======== PROVIDED MATERIAL ========

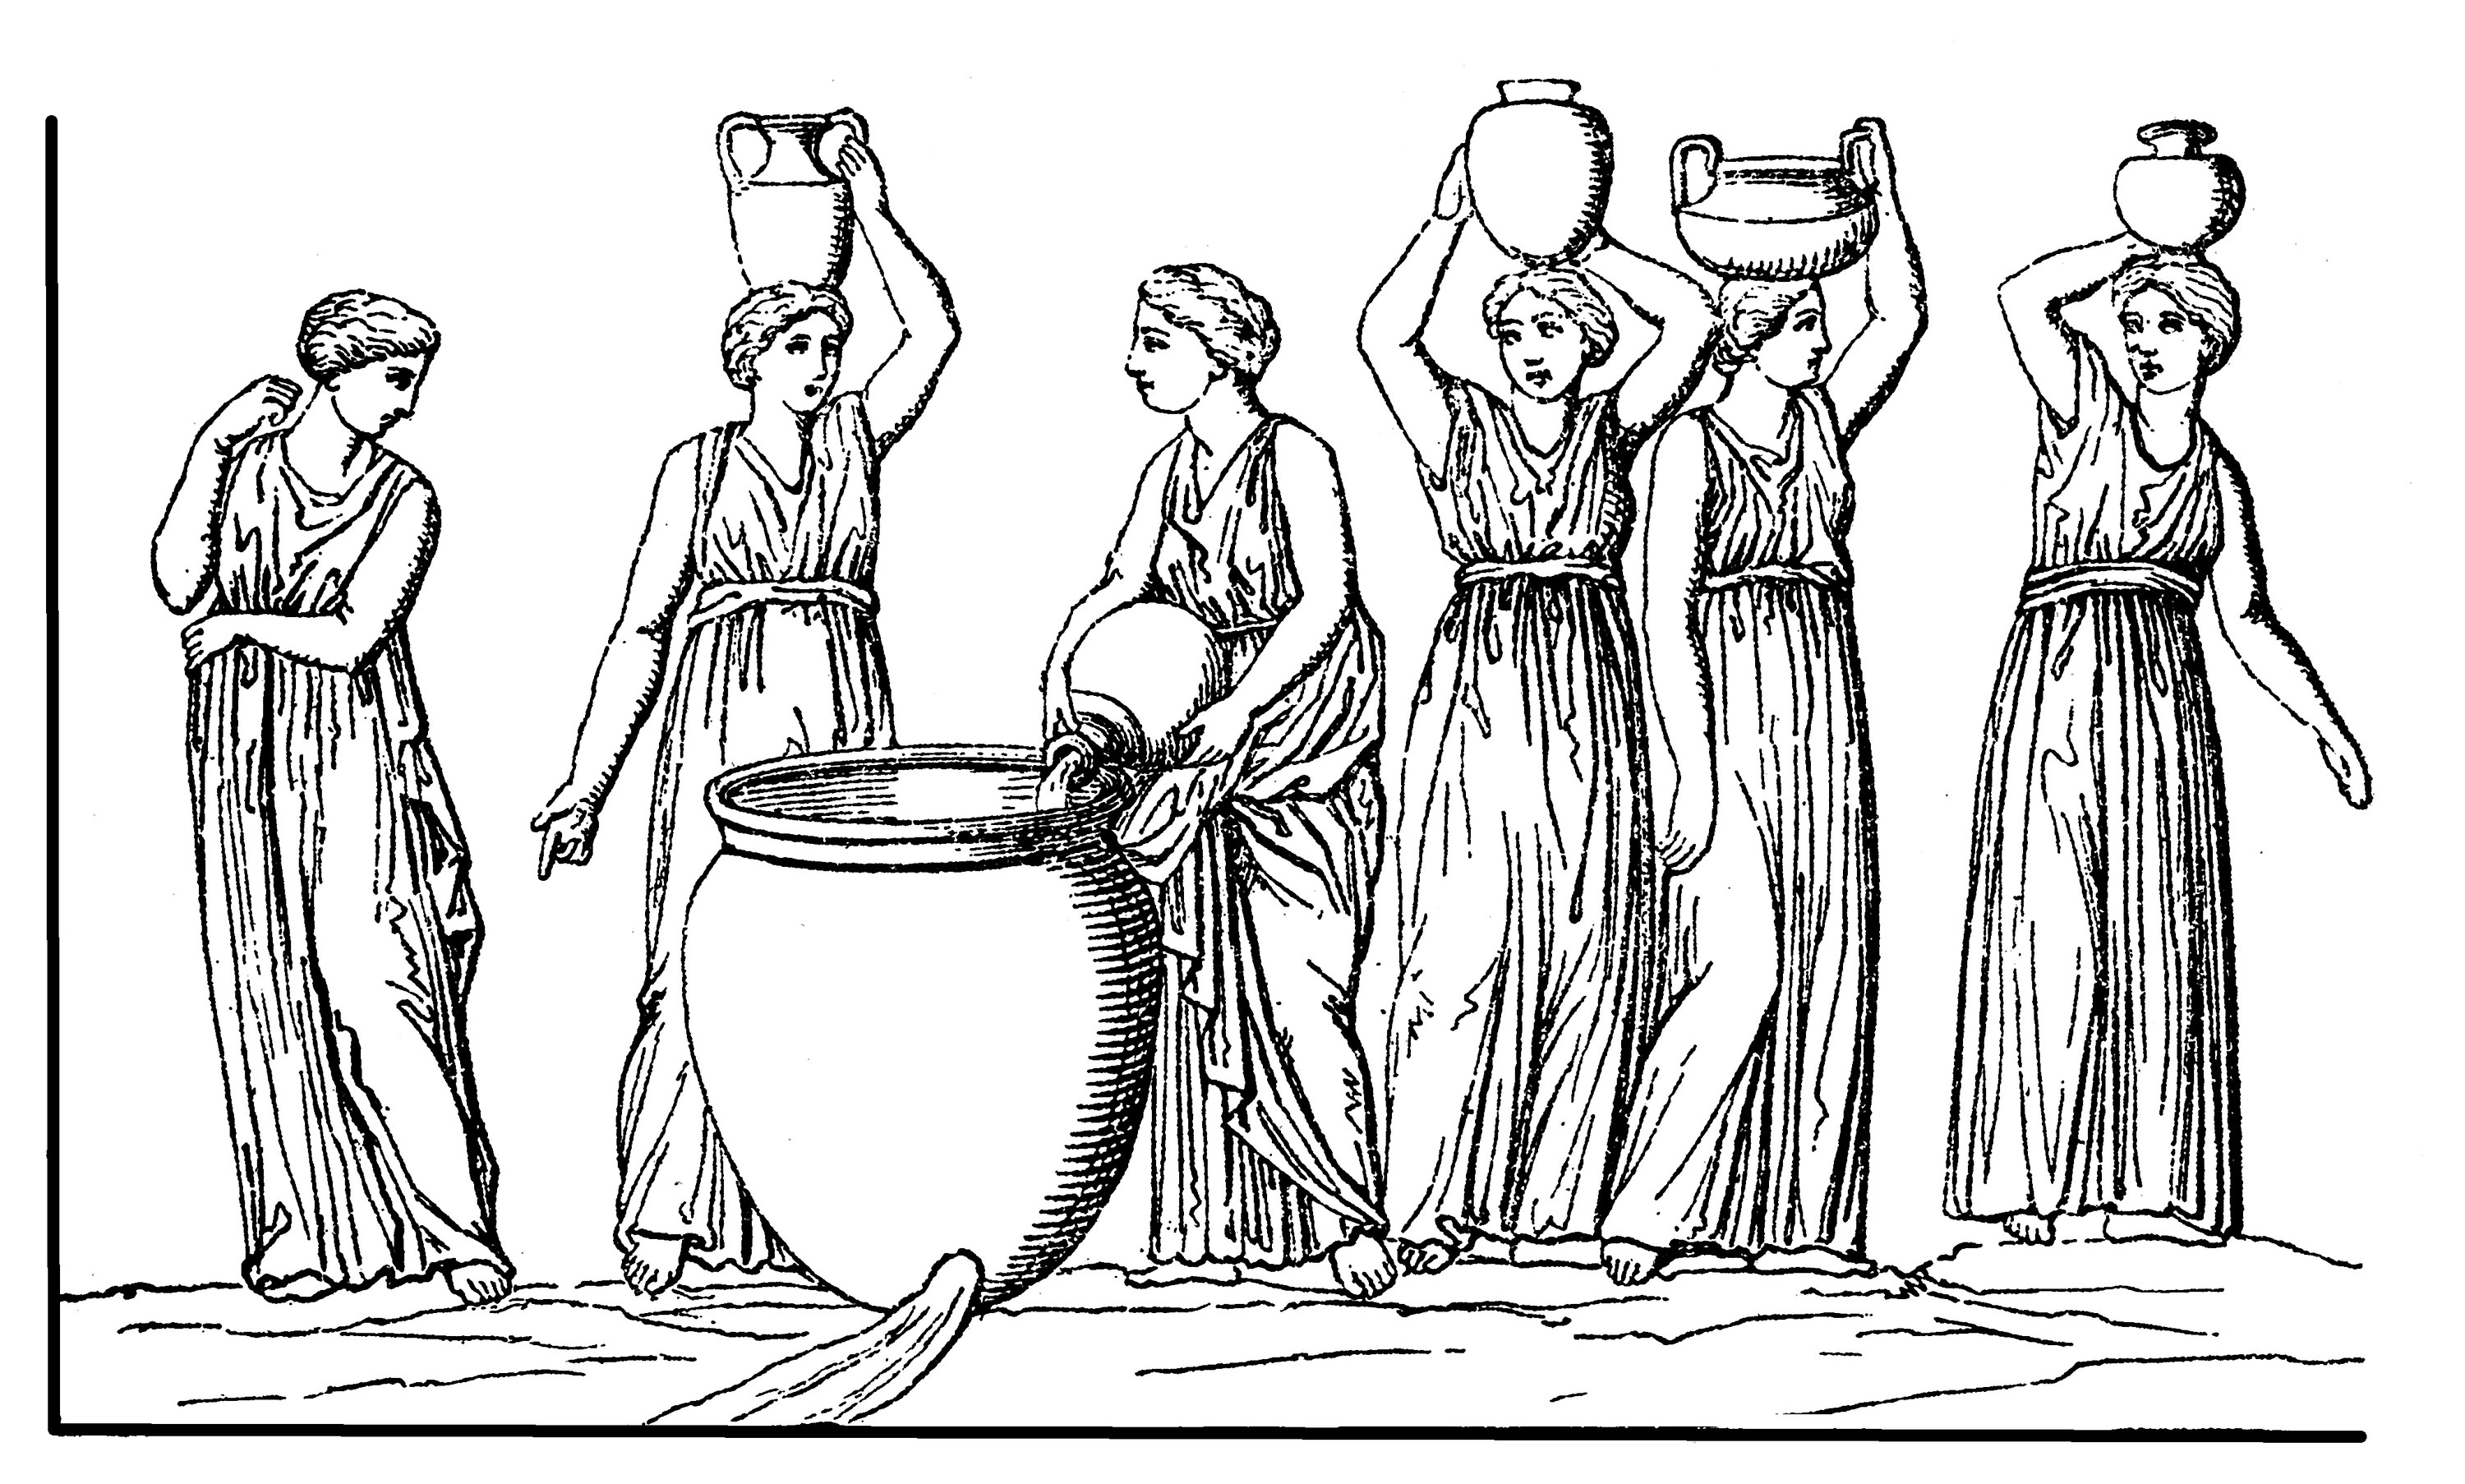 Six women in ancient Greek style dresses, four balancing pots on their heads, one pouring liquid into a larger pot on the ground
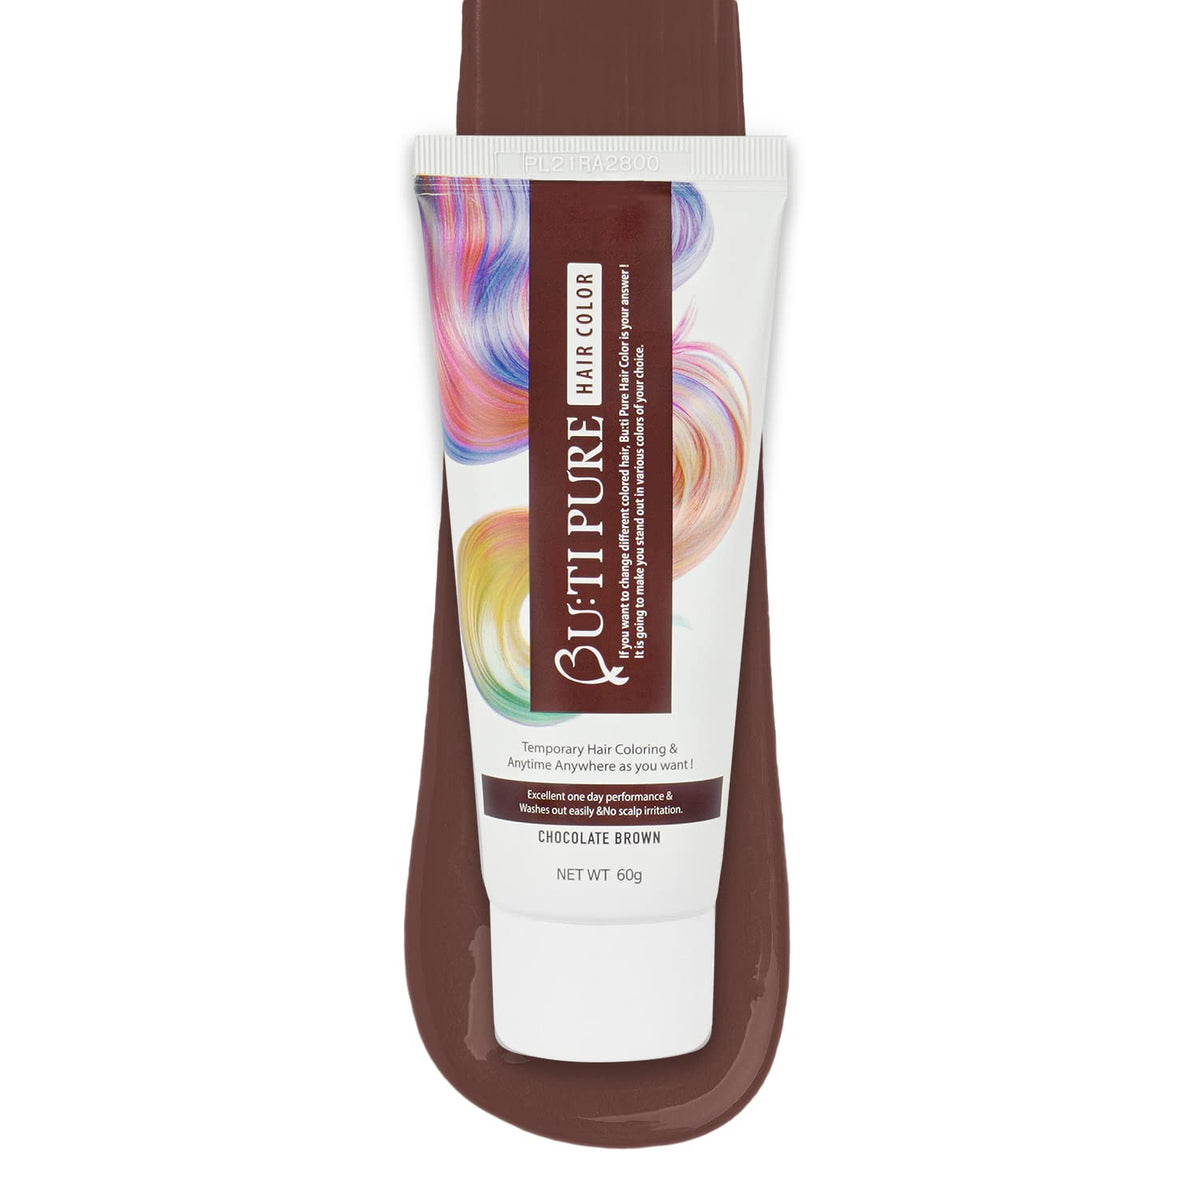 ButiPure Chocolate Brown One Day Hair Color (60g) Buti Pure
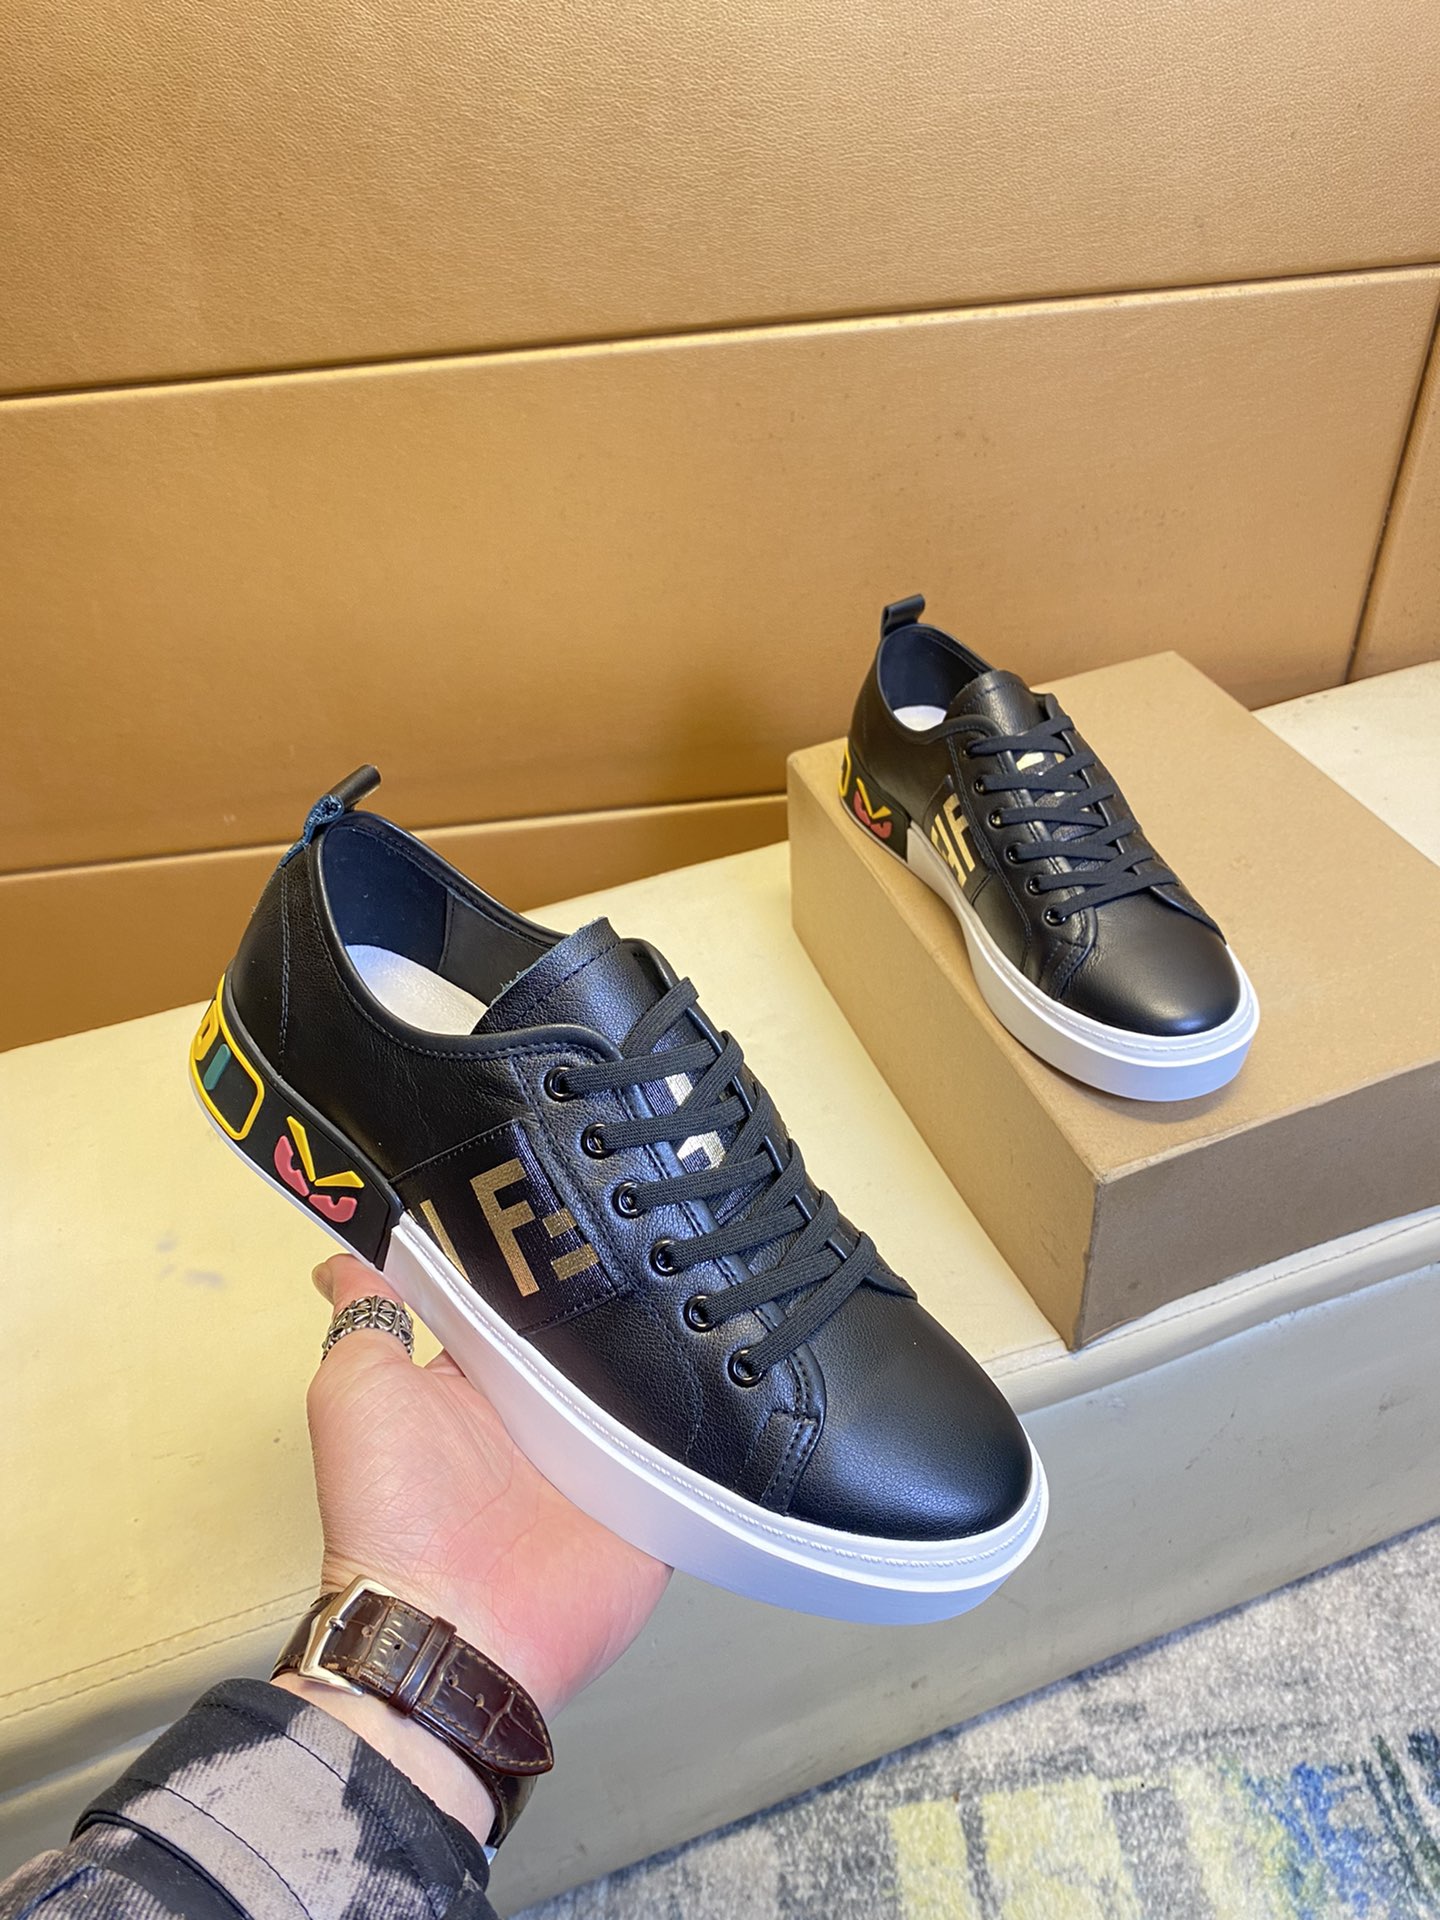 Exclusive first release of Fen ~ unique modern style sneakers. Counter purchasing casual shoes, orig

========

* [WHAT THE TASK REQUIRES]:
Give the listing again word for word, but drop every picture.

* [SOLUTION TO THIS TASK]:
 Six women in ancient Greek style dresses, four balancing pots on their heads, one pouring liquid into a larger pot on the ground
 ButiPure Chocolate Brown One Day Hair Color (60g) Buti Pure
 Exclusive first release of Fen ~ unique modern style sneakers. Counter purchasing casual shoes, orig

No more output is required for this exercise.